Silly thing I cannot wrap my head around. Lem. I.2.2 in Weibel's K-book reads:
If $R$ is a local ring, then every finitely generated projective $R$-module $P$ is free. In fact $P \cong R^p$, where $p = \dim_{R/\mathfrak{m}} (P/\mathfrak{m}P)$.
($\mathfrak{m}$ of course being the maximal ideal of the local ring $R$.)
What troubles me in the proof are the following lines:
Suppose that $P \oplus Q \cong R^n$. As vector spaces over $F=R/\mathfrak{m}$, $P/\mathfrak{m} P \cong F^p$ and $Q/\mathfrak{m} Q \cong F^q$ for some $p$ and $q$. Since $F^p \oplus F^q \cong F^n$, $p+q=n$. Choose elements $\{ e_1 , \dots , e_p \}$ of $P$ and $\{ e'_1 , \dots , e'_q \}$ of $Q$ mapping to bases of $P/\mathfrak{m} P$ and $Q/\mathfrak{m} Q$. The $e_i$ and $e'_j$ determine a homomorphism $R^p \oplus R^q \rightarrow P \oplus Q \cong R^n$.
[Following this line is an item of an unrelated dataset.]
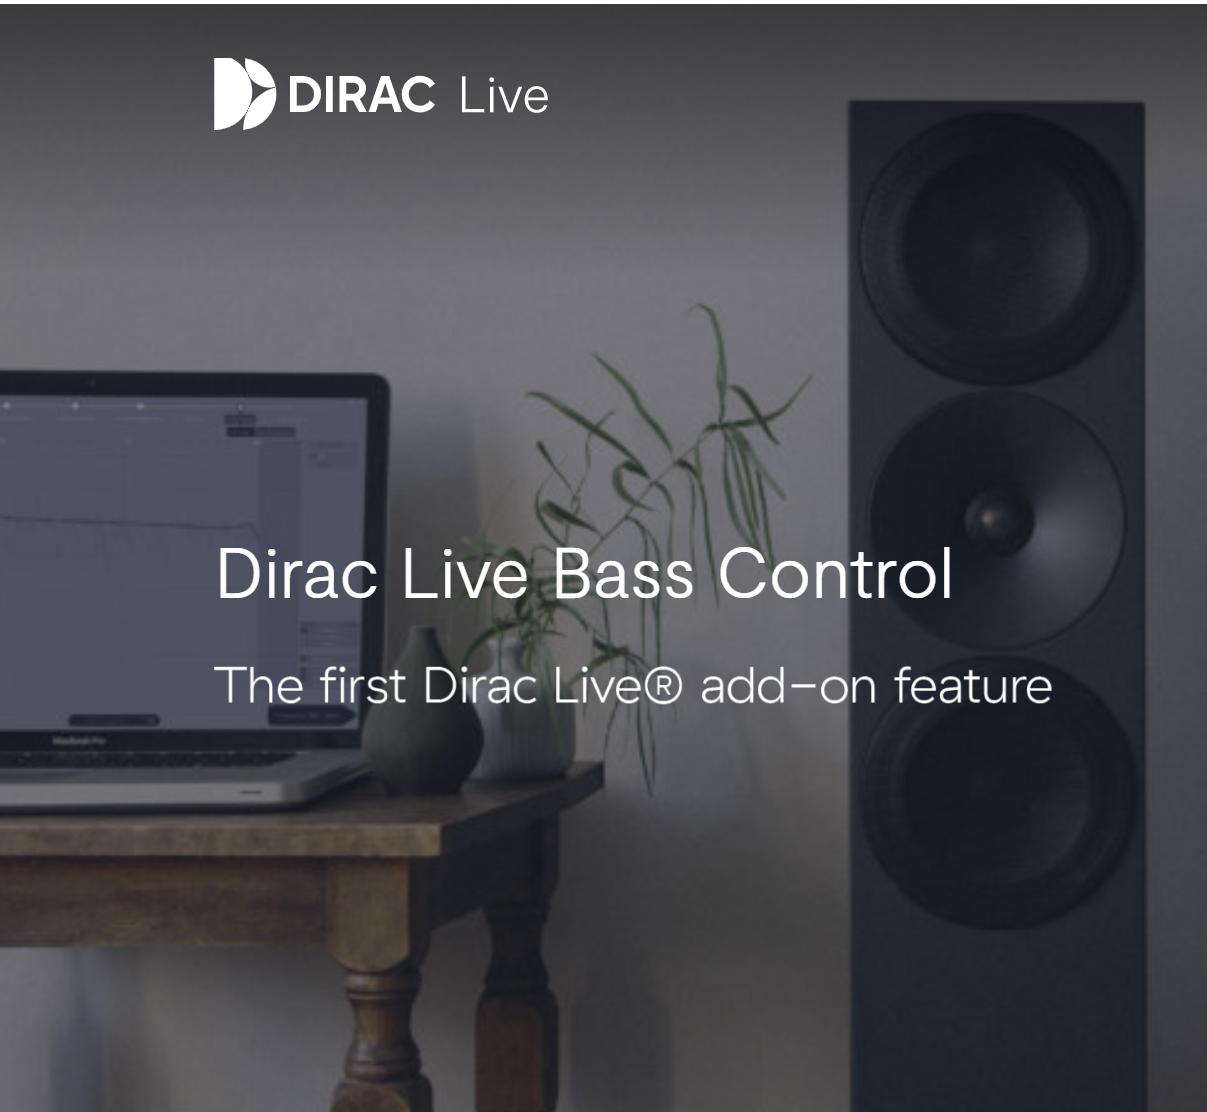 Dirac Live Bass Control

The thing is plainly this: I don't see how the $e_i$ and $e'_j$ determine a homomorphism $R^p \oplus R^q \rightarrow P \oplus Q \cong R^n$. Can someone explain to me?
Ah! Silly me! The homomorphism in question is $R^p \oplus R^q \rightarrow P \oplus Q$, $(r_1, \dots , r_p , r_{p+1}, \dots , r_{p+q}) \mapsto (r_1 e_1, \dots , r_p e_p , r_{p+1} e'_1 , \dots , r_{p+q} e'_{q})$. Got it.